February 18, 2022 at 10:30 AM
4 minute read
Raise your hand if, like me, you stayed up late on Wednesday and couldn't fall asleep after doomscrolling your social media feed. Yes, just as it sounds, doomscrolling is a bad thing. It's scrolling down through your social media feed and seeing only really bad news. You try to stop, then just scroll more bad news.
But I saw one video that night on Twitter that I was sure was fake. It was a bunch of high school kids hanging out in a New Jersey shopping mall when a fight broke out between two of them.
One young man was white and the other was Black. It wasn't a particularly even fight, with the former getting in more punches and doing more damage, one would imagine. That part all looked real.
Then it became unreal or even surreal when two police officers jumped in and both went straight for the Black young man, tackling him, putting a knee in his back, and handcuffing him. Not only did they leave the white kid alone, he moved closer to the handcuffed kid and kept talking to him before one of the officers got up.
This is staged, we all thought. Something for a Fail Army video compilation. Not funny on any day but particularly these days. Whoever posted this has no ability to read the collective room that is the nation today.
But I, for one, kept scrolling and found this absolutely remarkable tweet by New Jersey's Governor, Phil Murphy:
Although an investigation is still gathering the facts about this incident, I'm deeply disturbed by what appears to be racially disparate treatment in this video. We're committed to increasing trust between law enforcement and the people they serve.
And, in a matter of seconds, I dealt with the same reality that we all did: This seemingly scripted scene was, and is, actually real.
How fitting that this happened in a mall. The mall became iconic for us in Amy Heckerling's Fast Times at Ridgemont High. It's a film in which the notion of a suburban shopping mall became part of the American imagination. It's where friendships were solidified and young people discovered themselves in a safe environment. As we were reminded yesterday, how things have changed.
Krenar Camili, a New Jersey lawyer, argues that the outrage many of us feel today isn't misdirected:
The last thing any police force in New Jersey ever wants to see is the Governor tweeting about police behavior just after an incident. If a full investigation shows wrongdoing, there is definitely the potential for discipline against the police officers involved or even criminal charges.

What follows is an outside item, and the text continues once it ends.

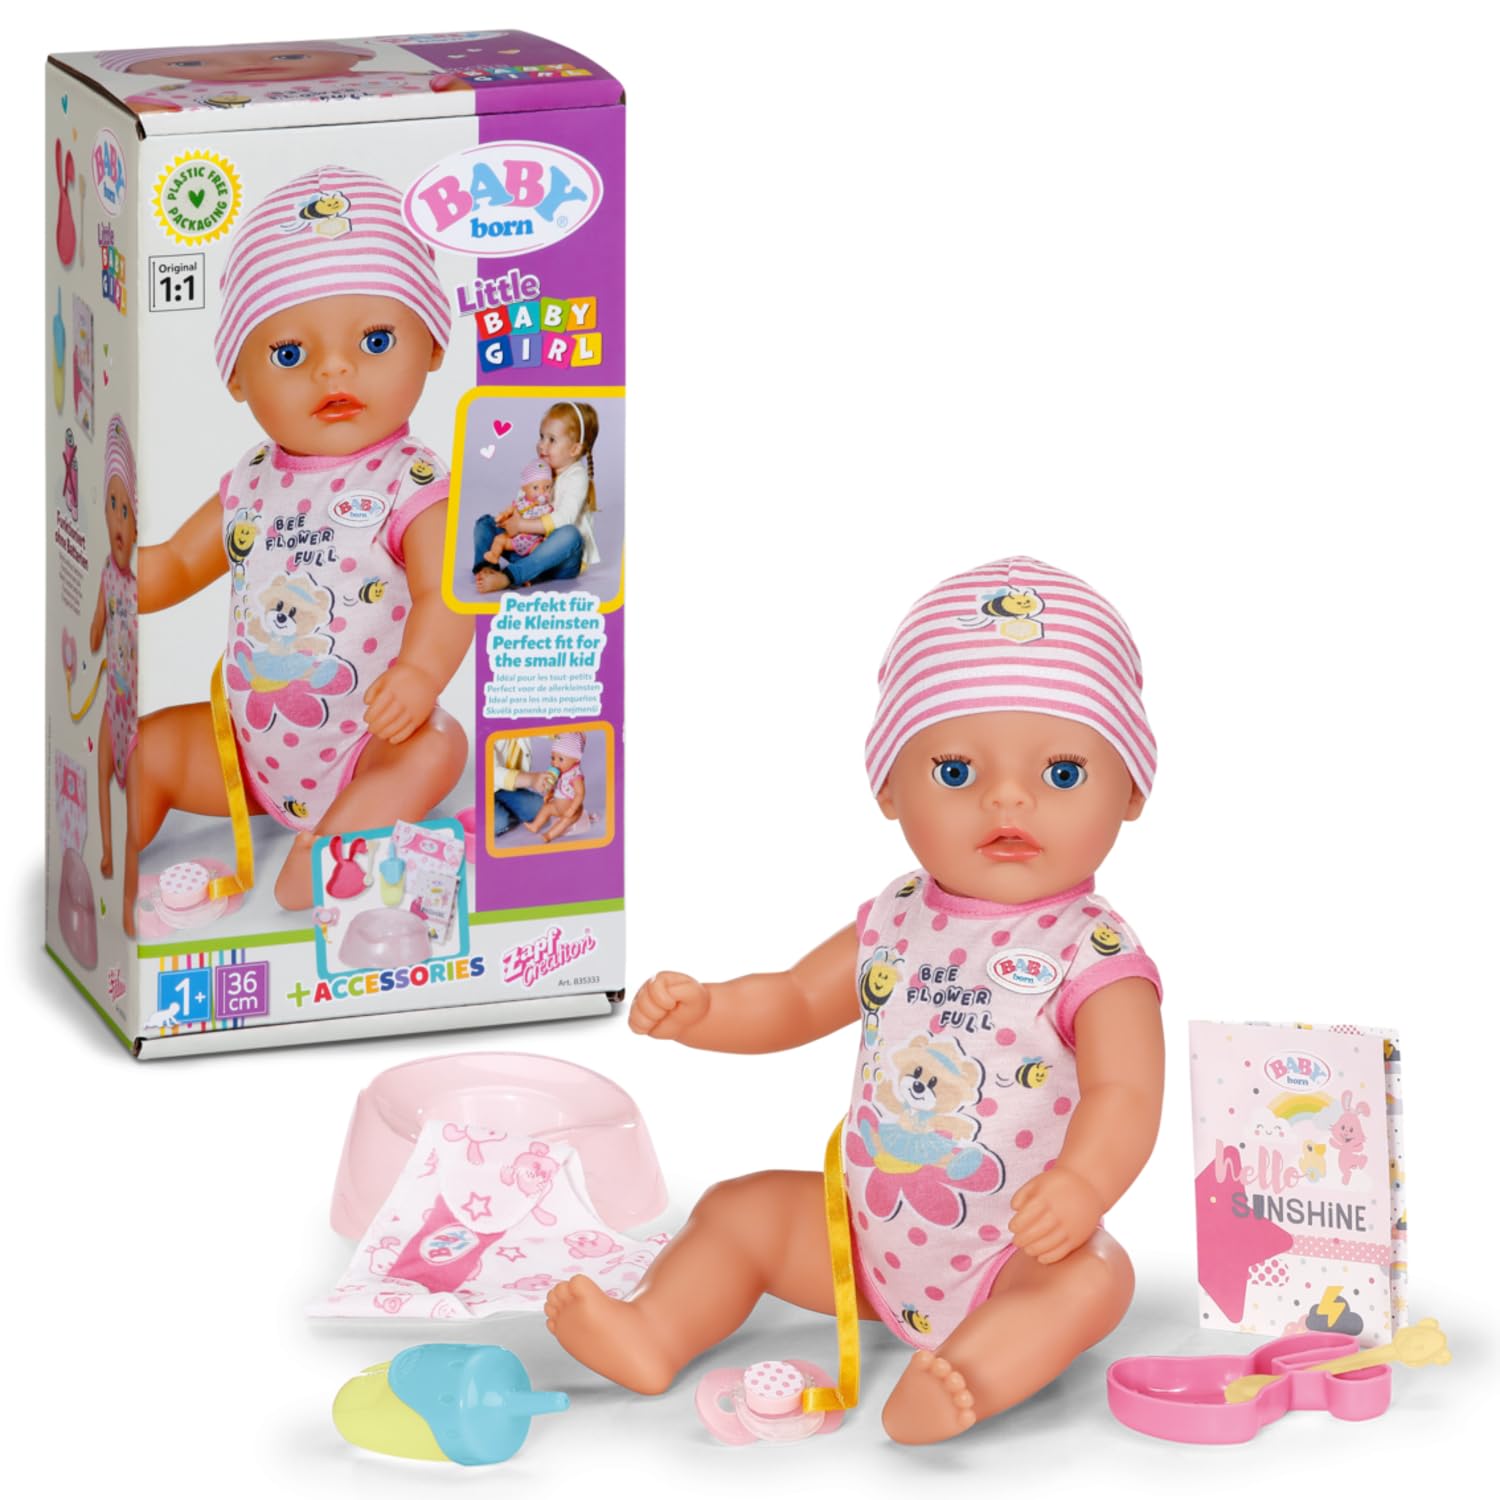 BABY Born Little Baby Girl, Babypuppe mit 7 Funktionen für Kleinkinder ab 1 Jahr, funktioniert ohne Batterie, 36 cm große Puppe, 835333 Zapf Creation

Criminal charges stemming from the investigation Governor Murphy mentioned aren't the only legal possibility. The family of the young man pinned to the ground and handcuffed has surely already hired a lawyer to represent them.
Camili adds that whether the officers are charged, the family has other options as well, in civil court:
If the family of the young man who was handcuffed believe that police officers behaved in a dangerous and inappropriate manner, they might consider a civil lawsuit. A civil suit and criminal charges are not mutually exclusive—the family could bring a civil suit even if no criminal charges materialize from an investigation.